HIPAA Privacy Rule | Permitted Uses and Disclosures

As for the HIPAA Privacy Rule “Permitted Uses and Disclosures”, as an employee you need to know that a covered entity (and other relevant parties) is permitted - but not required - to use and disclose protected health information, without an individual’s authorization, for the following purposes or situations (source: www.hhs.gov):

  1. To the Individual (unless required for access or accounting of disclosures.
  2. Treatment, Payment, and Health Care Operations.
  3. Opportunity to Agree or Object.
  4. Incident to an otherwise permitted use and disclosure.
  5. Public Interest and Benefit Activities.
  6. Limited Data Set for the purposes of research, public health or health care operations.18 Covered entities may rely on professional ethics and best judgments in deciding which of these permissive uses and disclosures to make.
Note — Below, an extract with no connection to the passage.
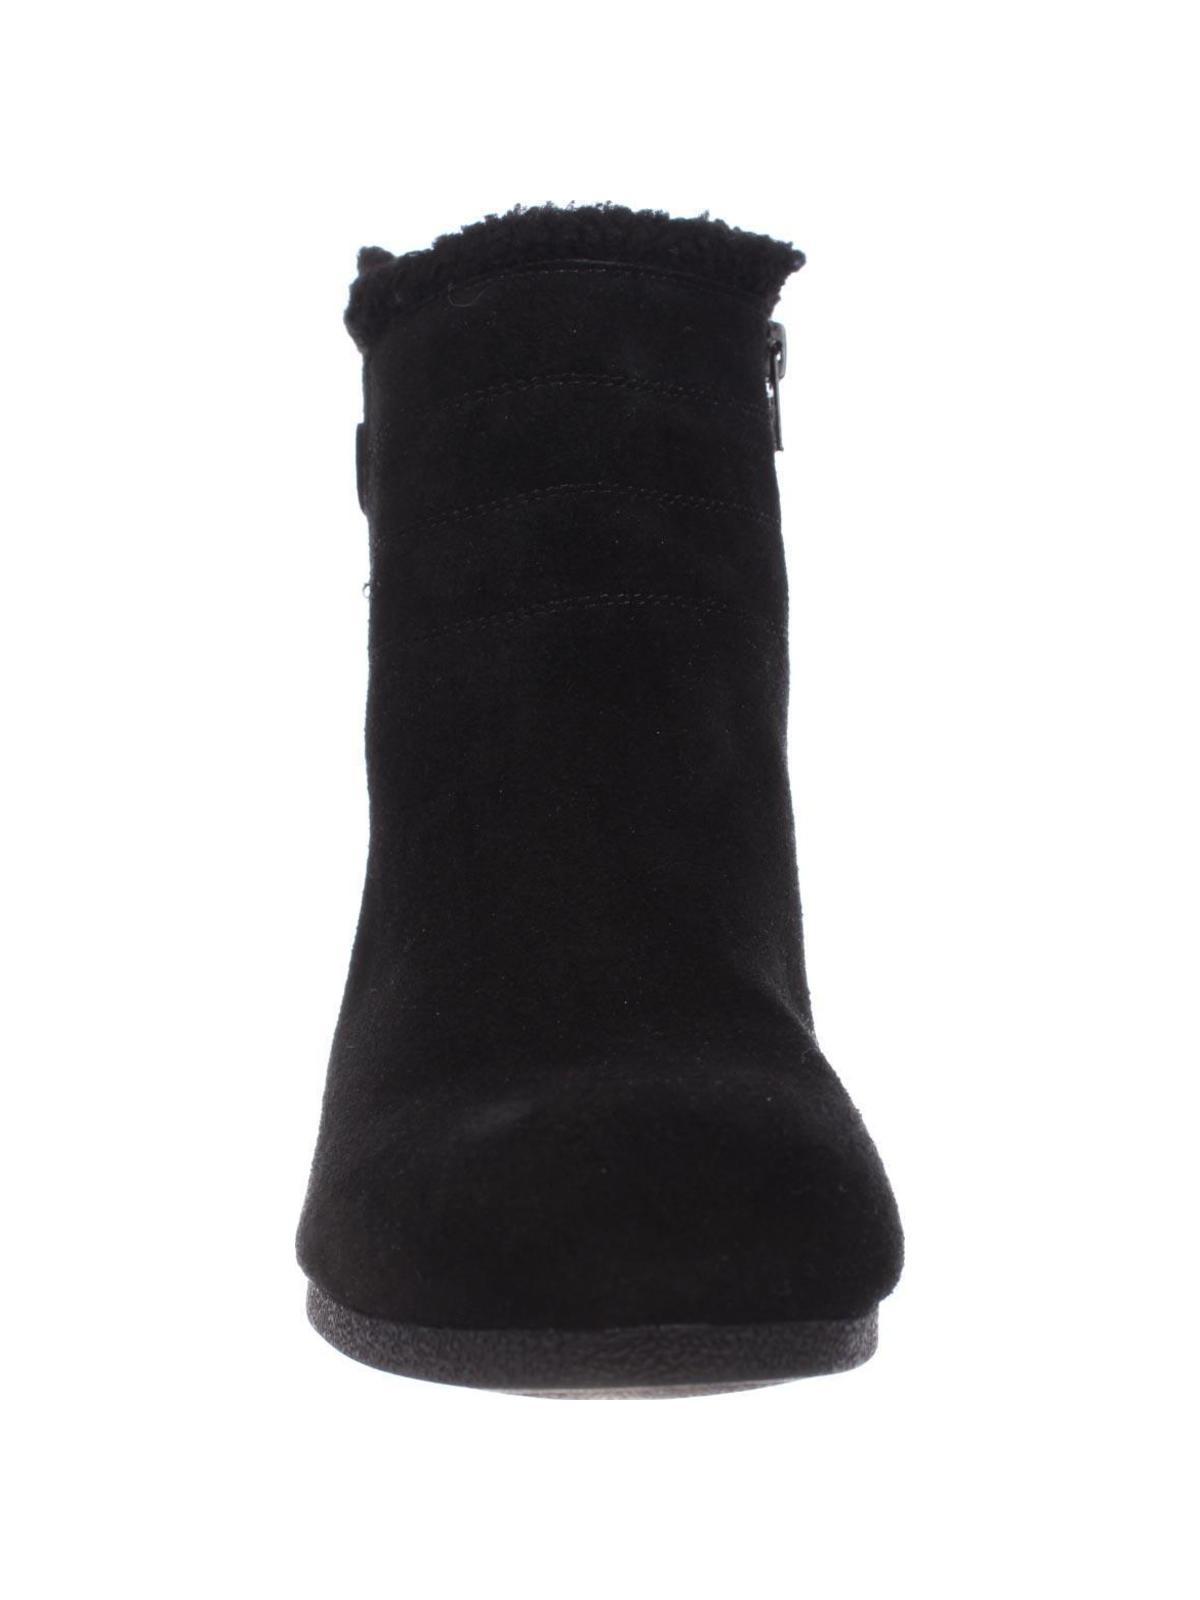 les femmes pattii wedge mémoire gb35 chaussons, chaussons, gb35 noir 3bfaee

Each of the above conditions warrants further explanation, so please consider the following regarding these items:

  • “To the Individual”. It means just that - a covered entity (and other relevant parties) may disclose protected health information to the individual who is the subject of the information.
  • “Treatment, Payment, and Health Care Options”. Generally speaking, a covered entity (and other relevant parties) may use and disclose protected health information for its own treatment, payment, and health care operations activities. Furthermore, a covered entity (and other relevant parties) also may disclose protected health information for the treatment activities of any health care provider, the payment activities of another covered entity and of any health care provider, or the health care operations of another covered entity involving either quality or competency assurance activities or fraud and abuse detection and compliance activities, if both covered entities (or other relevant parties) have or had a relationship with the individual and the protected health information pertains to the relationship.
  • “Opportunity to Agree or Object”. Informal permission can also be obtained by asking the individual outright, or by relevant circumstance or situations that clearly give the individual the opportunity to agree, acquiesce, or object.
  • “Incident to an otherwise permitted use and disclosure”. The Privacy Rule also permits certain incidental uses and disclosures that occur as a by-product of another permissible or required use or disclosure, as long as the covered entity (or other relevant party) has applied reasonable safeguards and implemented the minimum necessary standard, where applicable. Furthermore, an incidental use or disclosure is a secondary use or disclosure that cannot reasonably be prevented, is limited in nature, and that occurs as a result of another use or disclosure that is permitted by the Rule. Source: www.hhs.gov | Incidental Uses and Disclosures)
  • “Public Interest and Benefit Activities”. The Privacy Rule permits use and disclosure of protected health information, without an individual’s authorization or permission, for 12 national priority purposes, which are the following:
  1. Required by Law
  2. Public Health Activities
  3. Victims of Abuse, Neglect, Domestic Violence
  4. Health Oversight Activities
  5. Judicial and Administrative Proceedings
  6. Law Enforcement Purposes
  7. Decedents
  8. Cadaveric Organ, Eye, or Tissue Donation
  9. Research
  10. Serious Threat to Health or Safety
  11. Essential Government Functions
  12. Worker’s Compensation
  • “Limited Data Set”. A limited data set, which essentially is protected health information that specified direct identifiers of individuals and their relatives, household members, and employers have been removed - may be used and disclosed for research, health care operations, and public health purposes, provided applicable criteria is met.